Problem statement → Up to and including the line with "Illustration vectorielle d'un", copy the records below exactly from their first line.

** Opening The input block **

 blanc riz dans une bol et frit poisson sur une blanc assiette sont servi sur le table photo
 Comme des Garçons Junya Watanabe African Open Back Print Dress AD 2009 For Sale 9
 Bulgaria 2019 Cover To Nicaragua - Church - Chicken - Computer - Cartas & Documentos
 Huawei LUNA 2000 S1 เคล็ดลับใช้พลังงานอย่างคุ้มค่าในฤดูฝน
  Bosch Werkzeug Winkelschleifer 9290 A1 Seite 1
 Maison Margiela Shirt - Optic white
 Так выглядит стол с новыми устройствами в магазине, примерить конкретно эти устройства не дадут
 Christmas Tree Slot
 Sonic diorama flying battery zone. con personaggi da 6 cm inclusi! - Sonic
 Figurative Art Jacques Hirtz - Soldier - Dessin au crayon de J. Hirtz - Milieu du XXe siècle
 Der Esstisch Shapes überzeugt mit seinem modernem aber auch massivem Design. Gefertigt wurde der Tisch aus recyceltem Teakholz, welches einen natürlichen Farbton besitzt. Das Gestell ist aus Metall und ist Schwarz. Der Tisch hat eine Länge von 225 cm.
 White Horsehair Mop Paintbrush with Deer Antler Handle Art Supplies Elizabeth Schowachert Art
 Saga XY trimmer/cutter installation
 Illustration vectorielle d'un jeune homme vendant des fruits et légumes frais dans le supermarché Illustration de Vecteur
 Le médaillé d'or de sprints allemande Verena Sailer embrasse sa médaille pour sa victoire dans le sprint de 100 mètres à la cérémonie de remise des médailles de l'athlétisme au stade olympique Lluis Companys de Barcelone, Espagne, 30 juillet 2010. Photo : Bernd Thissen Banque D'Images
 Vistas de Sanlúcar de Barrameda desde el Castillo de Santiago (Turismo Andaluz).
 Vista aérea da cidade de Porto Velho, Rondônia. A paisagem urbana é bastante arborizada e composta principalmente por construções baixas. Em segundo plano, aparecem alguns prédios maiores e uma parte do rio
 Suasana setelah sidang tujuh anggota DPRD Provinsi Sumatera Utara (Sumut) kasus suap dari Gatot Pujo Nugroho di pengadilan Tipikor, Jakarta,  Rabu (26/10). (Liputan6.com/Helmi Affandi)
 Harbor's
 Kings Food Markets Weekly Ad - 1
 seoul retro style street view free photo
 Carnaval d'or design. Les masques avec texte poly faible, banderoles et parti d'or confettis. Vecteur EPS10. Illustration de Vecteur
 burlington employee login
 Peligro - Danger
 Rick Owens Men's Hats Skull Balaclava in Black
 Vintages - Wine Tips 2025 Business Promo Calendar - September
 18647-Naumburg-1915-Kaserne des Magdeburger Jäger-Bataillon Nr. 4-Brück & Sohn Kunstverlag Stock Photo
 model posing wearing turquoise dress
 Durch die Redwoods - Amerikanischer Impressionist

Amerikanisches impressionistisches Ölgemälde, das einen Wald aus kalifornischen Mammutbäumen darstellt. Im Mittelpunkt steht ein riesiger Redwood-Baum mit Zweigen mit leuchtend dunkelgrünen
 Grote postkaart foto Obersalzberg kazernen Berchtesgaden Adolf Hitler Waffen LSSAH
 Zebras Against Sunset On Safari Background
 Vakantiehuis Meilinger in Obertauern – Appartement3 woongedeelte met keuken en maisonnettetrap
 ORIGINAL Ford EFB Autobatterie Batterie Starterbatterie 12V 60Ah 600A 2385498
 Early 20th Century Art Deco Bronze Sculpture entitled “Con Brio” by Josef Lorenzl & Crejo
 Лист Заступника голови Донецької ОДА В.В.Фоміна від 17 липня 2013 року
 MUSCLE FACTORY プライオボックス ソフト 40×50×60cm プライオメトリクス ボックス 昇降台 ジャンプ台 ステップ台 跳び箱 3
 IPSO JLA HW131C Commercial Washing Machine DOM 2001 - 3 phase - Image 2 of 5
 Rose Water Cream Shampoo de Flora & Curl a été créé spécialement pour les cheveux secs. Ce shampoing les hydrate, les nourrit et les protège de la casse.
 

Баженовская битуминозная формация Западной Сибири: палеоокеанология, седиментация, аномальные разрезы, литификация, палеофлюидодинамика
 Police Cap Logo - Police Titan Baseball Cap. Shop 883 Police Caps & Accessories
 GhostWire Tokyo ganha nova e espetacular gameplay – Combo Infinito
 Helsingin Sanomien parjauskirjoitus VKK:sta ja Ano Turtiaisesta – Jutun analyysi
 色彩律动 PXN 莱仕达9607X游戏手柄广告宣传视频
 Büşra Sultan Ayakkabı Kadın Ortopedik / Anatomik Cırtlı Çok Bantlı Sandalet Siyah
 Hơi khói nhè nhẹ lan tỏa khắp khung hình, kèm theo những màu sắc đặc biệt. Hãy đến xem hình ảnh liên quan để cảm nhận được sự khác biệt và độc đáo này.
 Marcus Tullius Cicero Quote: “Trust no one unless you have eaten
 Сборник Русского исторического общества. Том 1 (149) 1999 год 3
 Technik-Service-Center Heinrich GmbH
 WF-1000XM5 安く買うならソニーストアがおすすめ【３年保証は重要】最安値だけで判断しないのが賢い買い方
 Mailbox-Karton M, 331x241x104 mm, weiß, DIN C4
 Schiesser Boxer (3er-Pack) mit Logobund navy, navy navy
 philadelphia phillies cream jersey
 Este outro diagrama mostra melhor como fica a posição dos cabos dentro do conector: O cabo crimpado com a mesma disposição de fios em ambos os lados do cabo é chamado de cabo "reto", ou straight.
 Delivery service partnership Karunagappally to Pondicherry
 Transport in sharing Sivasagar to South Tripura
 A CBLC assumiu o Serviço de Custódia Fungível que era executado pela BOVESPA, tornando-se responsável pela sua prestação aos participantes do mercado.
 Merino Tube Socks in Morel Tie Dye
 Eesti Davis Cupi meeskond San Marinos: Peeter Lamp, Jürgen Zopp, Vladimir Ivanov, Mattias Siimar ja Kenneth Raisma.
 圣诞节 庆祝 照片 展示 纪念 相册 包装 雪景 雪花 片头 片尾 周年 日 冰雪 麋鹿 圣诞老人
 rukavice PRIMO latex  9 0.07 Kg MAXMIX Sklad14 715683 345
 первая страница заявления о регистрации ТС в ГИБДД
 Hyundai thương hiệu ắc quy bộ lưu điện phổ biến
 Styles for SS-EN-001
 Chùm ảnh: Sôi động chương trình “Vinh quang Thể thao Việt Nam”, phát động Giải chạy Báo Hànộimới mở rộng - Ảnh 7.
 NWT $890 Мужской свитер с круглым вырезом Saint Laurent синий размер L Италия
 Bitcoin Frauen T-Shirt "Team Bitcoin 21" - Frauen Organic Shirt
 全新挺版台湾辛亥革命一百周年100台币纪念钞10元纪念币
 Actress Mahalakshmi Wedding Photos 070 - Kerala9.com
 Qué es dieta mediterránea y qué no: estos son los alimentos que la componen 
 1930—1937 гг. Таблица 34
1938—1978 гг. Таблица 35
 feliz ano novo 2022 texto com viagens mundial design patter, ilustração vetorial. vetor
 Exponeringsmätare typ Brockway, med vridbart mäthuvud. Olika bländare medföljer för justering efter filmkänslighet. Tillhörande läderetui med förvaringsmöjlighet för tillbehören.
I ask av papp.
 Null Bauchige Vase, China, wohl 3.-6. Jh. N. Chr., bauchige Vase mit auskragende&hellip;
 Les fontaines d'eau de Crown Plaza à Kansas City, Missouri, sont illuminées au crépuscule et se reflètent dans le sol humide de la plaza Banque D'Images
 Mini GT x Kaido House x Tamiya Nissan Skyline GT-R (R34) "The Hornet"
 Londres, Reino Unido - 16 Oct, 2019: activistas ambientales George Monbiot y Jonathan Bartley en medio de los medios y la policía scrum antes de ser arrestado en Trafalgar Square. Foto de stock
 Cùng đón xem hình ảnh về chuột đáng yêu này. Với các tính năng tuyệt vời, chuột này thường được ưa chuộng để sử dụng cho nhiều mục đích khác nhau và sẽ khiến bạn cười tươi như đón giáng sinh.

** Closing The input block **

Response to the task →
 blanc riz dans une bol et frit poisson sur une blanc assiette sont servi sur le table photo
 Comme des Garçons Junya Watanabe African Open Back Print Dress AD 2009 For Sale 9
 Bulgaria 2019 Cover To Nicaragua - Church - Chicken - Computer - Cartas & Documentos
 Huawei LUNA 2000 S1 เคล็ดลับใช้พลังงานอย่างคุ้มค่าในฤดูฝน
  Bosch Werkzeug Winkelschleifer 9290 A1 Seite 1
 Maison Margiela Shirt - Optic white
 Так выглядит стол с новыми устройствами в магазине, примерить конкретно эти устройства не дадут
 Christmas Tree Slot
 Sonic diorama flying battery zone. con personaggi da 6 cm inclusi! - Sonic
 Figurative Art Jacques Hirtz - Soldier - Dessin au crayon de J. Hirtz - Milieu du XXe siècle
 Der Esstisch Shapes überzeugt mit seinem modernem aber auch massivem Design. Gefertigt wurde der Tisch aus recyceltem Teakholz, welches einen natürlichen Farbton besitzt. Das Gestell ist aus Metall und ist Schwarz. Der Tisch hat eine Länge von 225 cm.
 White Horsehair Mop Paintbrush with Deer Antler Handle Art Supplies Elizabeth Schowachert Art
 Saga XY trimmer/cutter installation
 Illustration vectorielle d'un jeune homme vendant des fruits et légumes frais dans le supermarché Illustration de Vecteur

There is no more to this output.